The concluding portion of West Hill United’s ceremony concerning the Truth and Reconciliation report involved making a Two Row Wampum banner with purple strips of cloth that listed all 94 recommendations.


As the 150th anniversary of Canadian Confederation approaches, organizers hope that their petition will challenge the Government of Canada to take immediate action to address inequities between Indigenous and general population communities with respect to clean drinking water, education, housing, health and social services.

A special emphasis in the petition is youth suicide prevention. Asked for assistance intervening in an Indigenous youth suicide pact last year, Health and Welfare Canada refused citing an “awkward” budget period. In the wake of that decision, three youth in the community have completed suicide. It is this failure to act which has instigated the petition action.

In 2013, the West Hill congregation collected 3000 signatures petitioning the House of Commons. The petition was read by Conservative MP Cornelious Chisu, then representing the Pickering-Scarborough East constituency in which WHUC is located. Few of the situations cited in the 2013 petition have been adequately addressed. Organizers have deliberately chosen to keep the petition in a paper format, rather than on-line, as they hope to engage our friends and neighbours in face-to-face dialogue  about the issues the petitions raises. The group encourages all Canadian citizens to print several copies and share it widely to foster these important conversations.

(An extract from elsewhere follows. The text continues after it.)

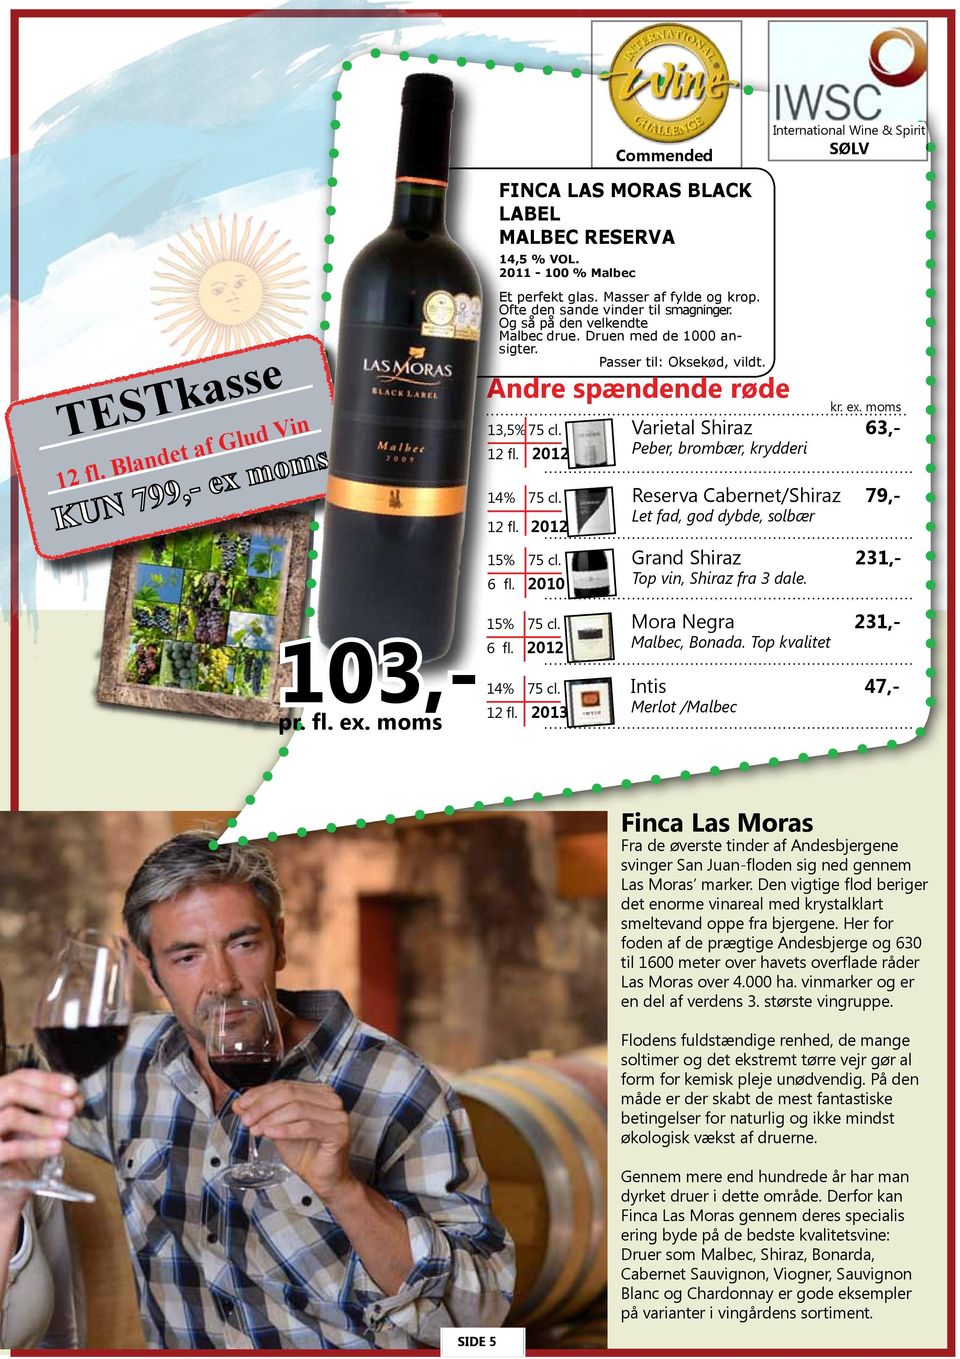 2010 Commended International Wine & Spirit SØLV Varietal Shiraz 63,- Peber, brombær, krydderi Reserva Cabernet/Shiraz 79,- Let fad, god dybde, solbær Grand Shiraz 231,- Top vin, Shiraz fra 3 dale.

The full text of the Petition reads as follows:

 WE the undersigned residents and citizens of Canada, in recognition of our duties and responsibilities as treaty people, call upon the government to turn its good intentions into deeds and immediately correct the following injustices and failures to honour the treaty relationship:
1. While the previous government in 2007 promised 25,000 indigenous owned homes within 10 years, fewer than 200 have been built even though Indigenous and Northern Affairs Canada underspent by $900 million what Parliament authorized in the 2015 – 2016 fiscal year.
2. As of October 31, 2016, there were 133 drinking water advisories in effect in 90 First Nations Communities across Canada, excluding British Columbia.
3. On Jan. 26th, 2016, the Canadian Human Rights Tribunal found that the child welfare services provided by the Canadian Government to 163,000 First Nations children and their families fail to meet the standard of government services available to all other children in Canada.
4. Suicides among First Nations youth (aged 15 to 24) are five to six times higher than for nonaboriginal youth in Canada. In July of 2016, the Wapekeka First Nation asked Health Canada for funding to thwart a youth suicide pact. Health Canada refused. On January 8th, 2017, two children in the community took their own lives.
5. While Prime Minister Trudeau promised to lift the 2% cap on annual funding increases for First Nations programming on reserves, a report from the Canadian Press dated June 16, 2016, shows that this needed funding has not yet begun to flow. These funds are urgently needed for education, housing, water, health and social services on First Nations reserves and communities.